# [Work task]
Reproduce the listing below character for character; drop every image.

# [Provided material]

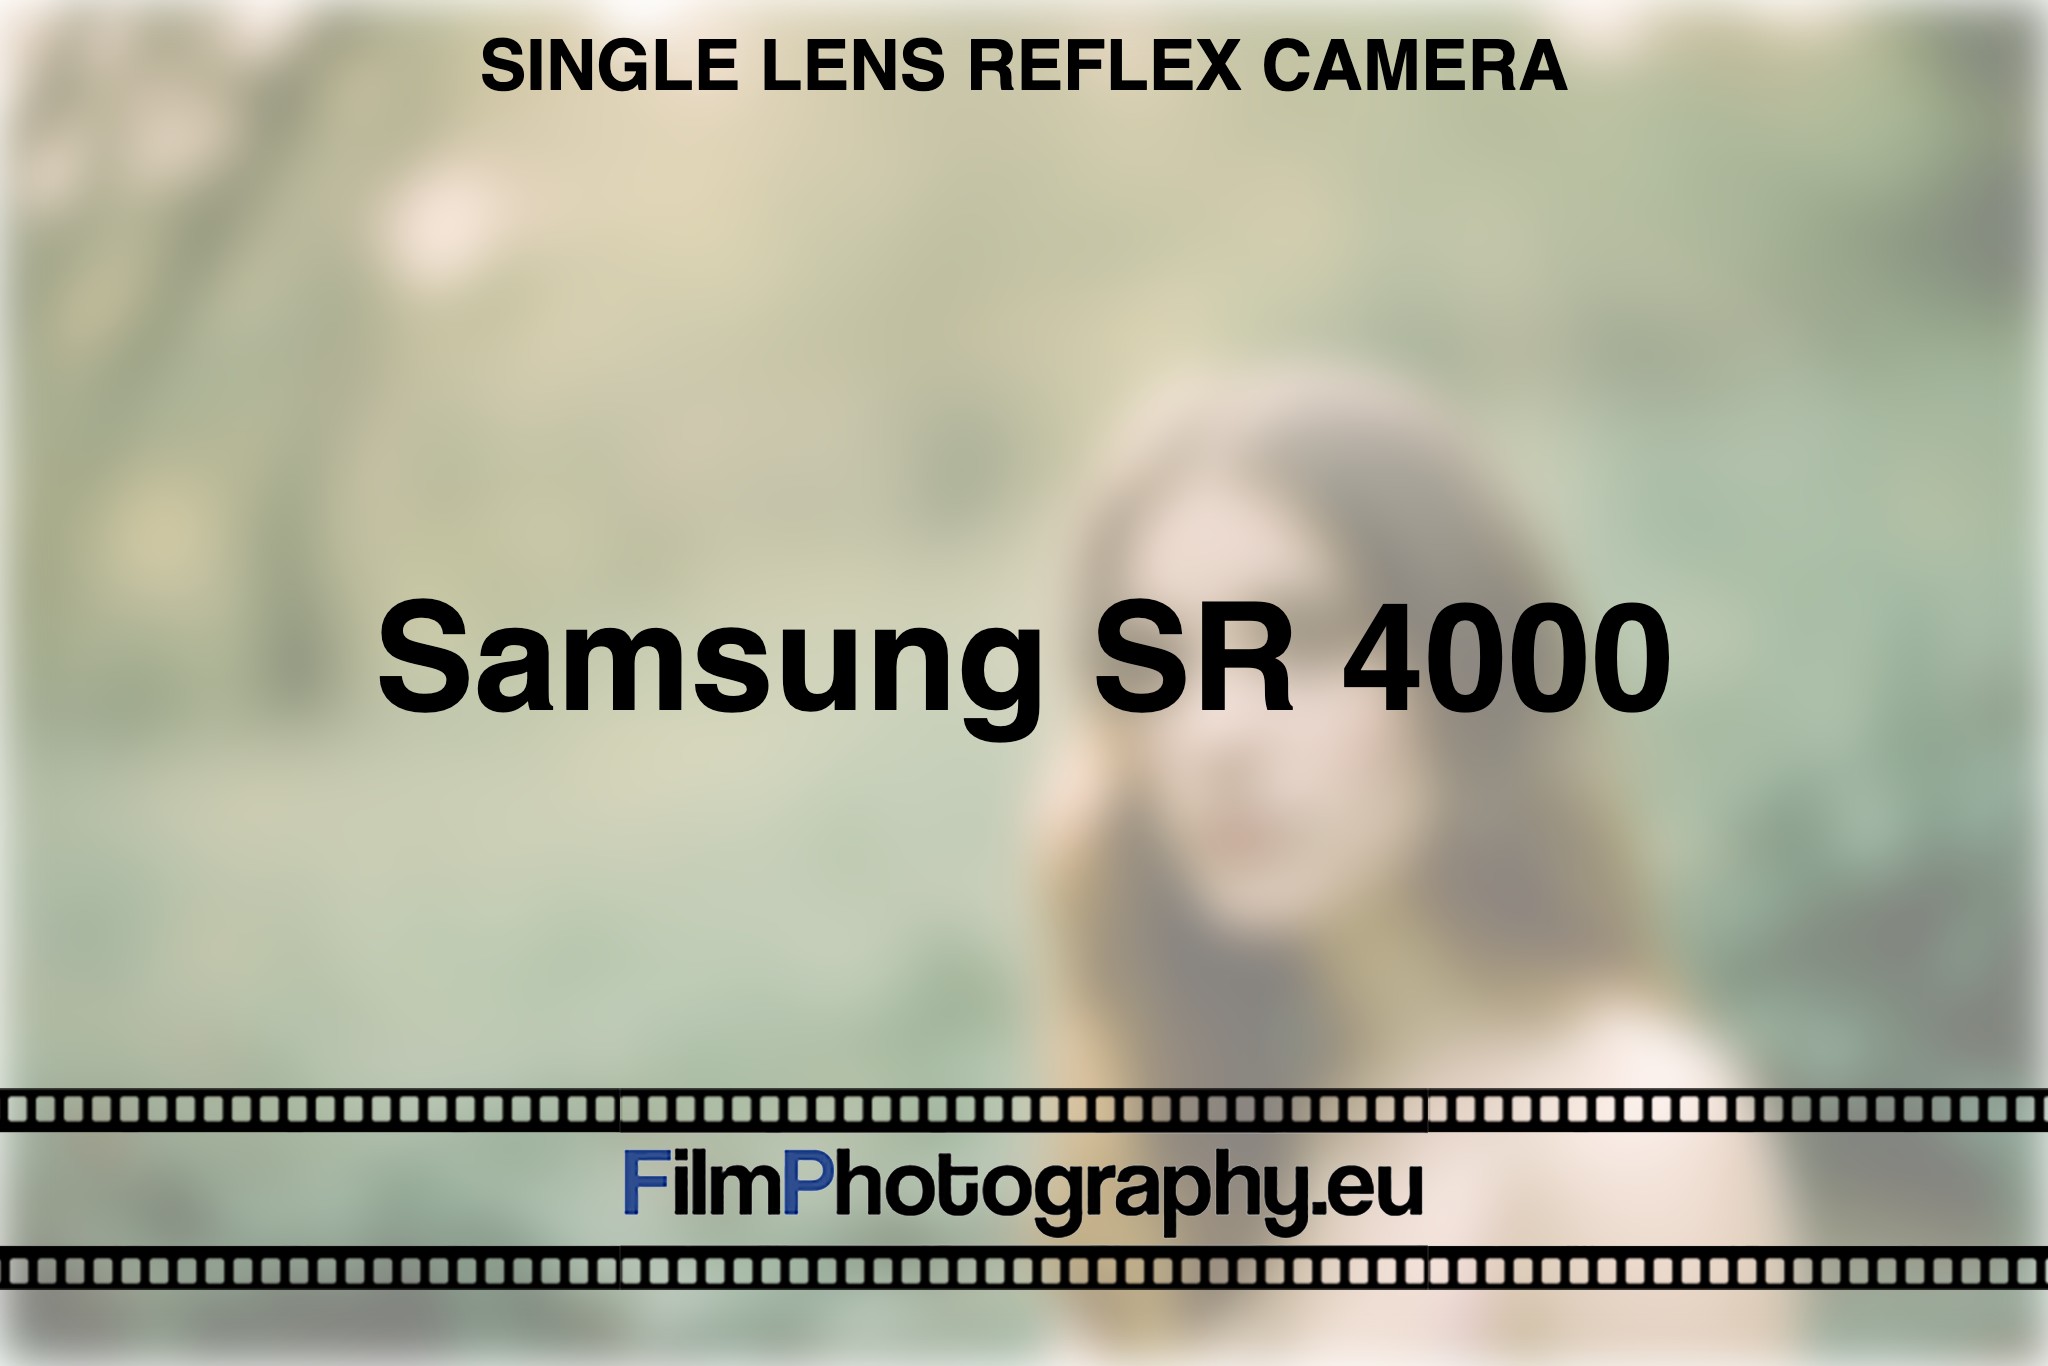 samsung-sr-4000-single-lens-reflex-camera-bnv
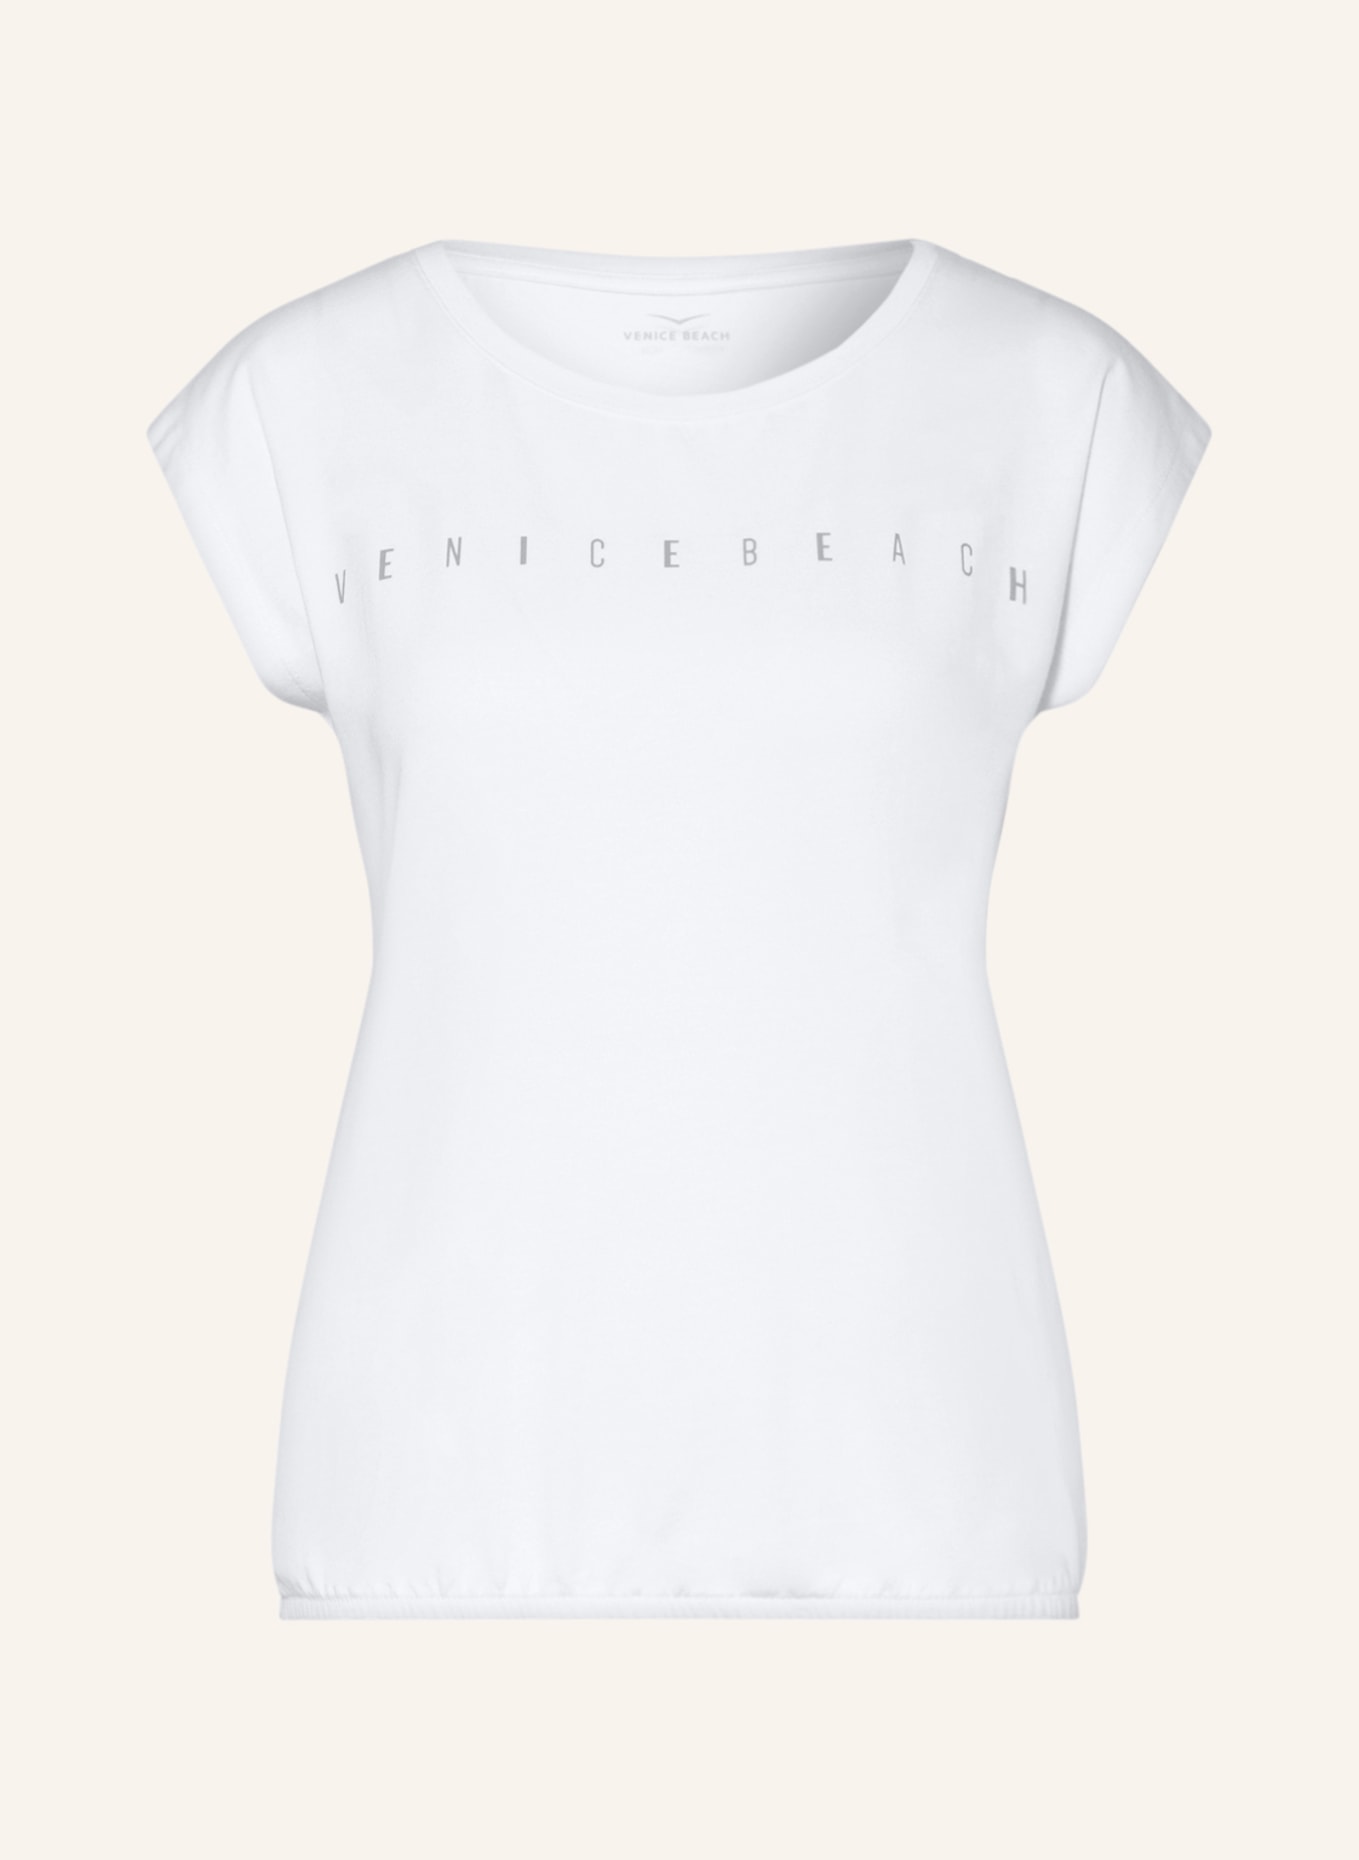 VENICE BEACH T-shirt WONDER, Color: WHITE (Image 1)
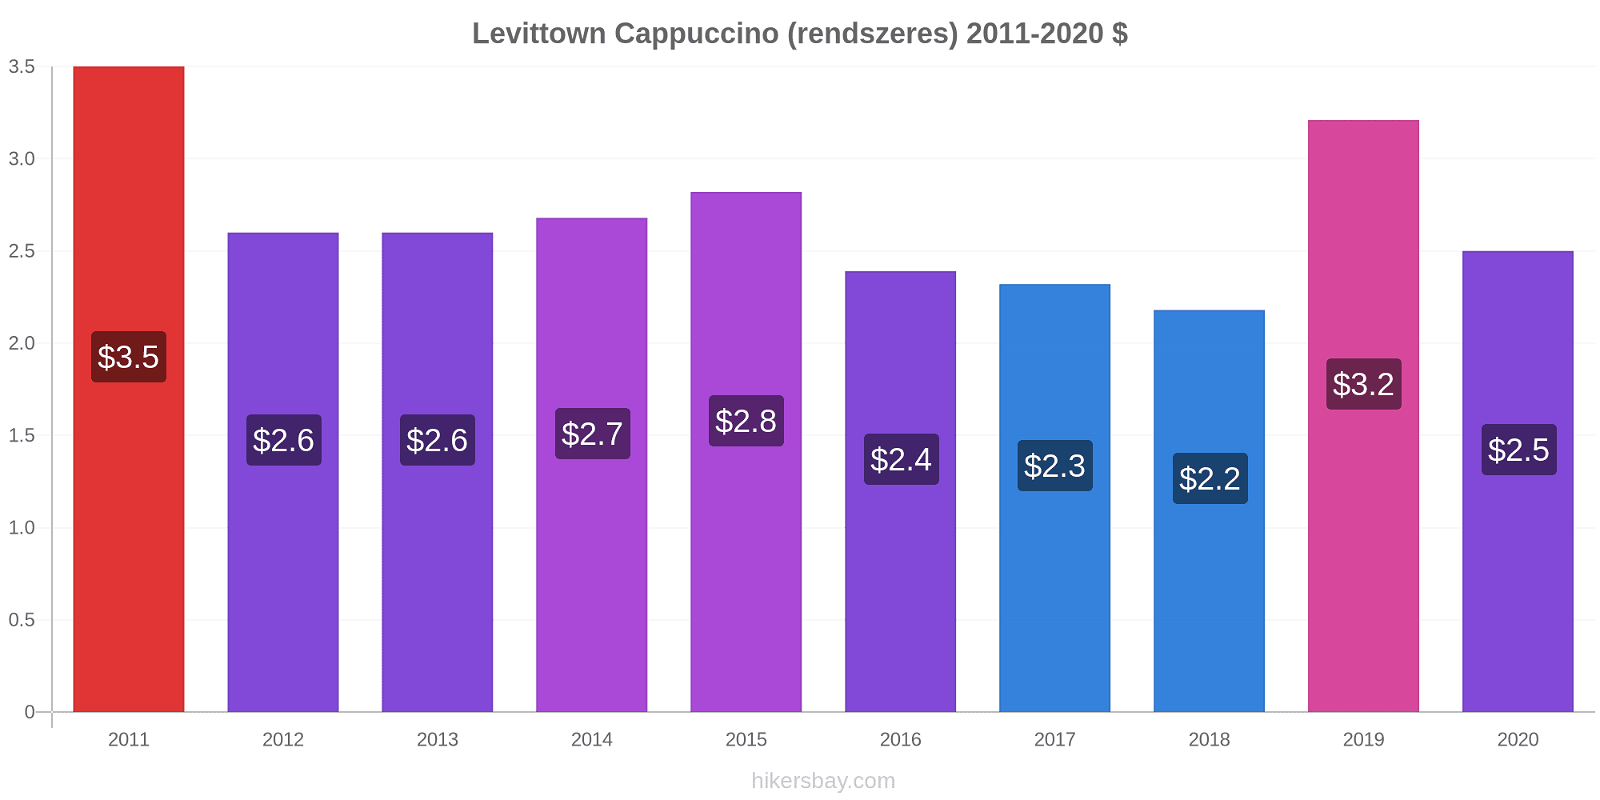 Levittown árváltozások Cappuccino (rendszeres) hikersbay.com

# [Solution]
 samsung-sr-4000-single-lens-reflex-camera-bnv
 VENICE BEACH T-shirt WONDER, Color: WHITE (Image 1)
 Levittown árváltozások Cappuccino (rendszeres) hikersbay.com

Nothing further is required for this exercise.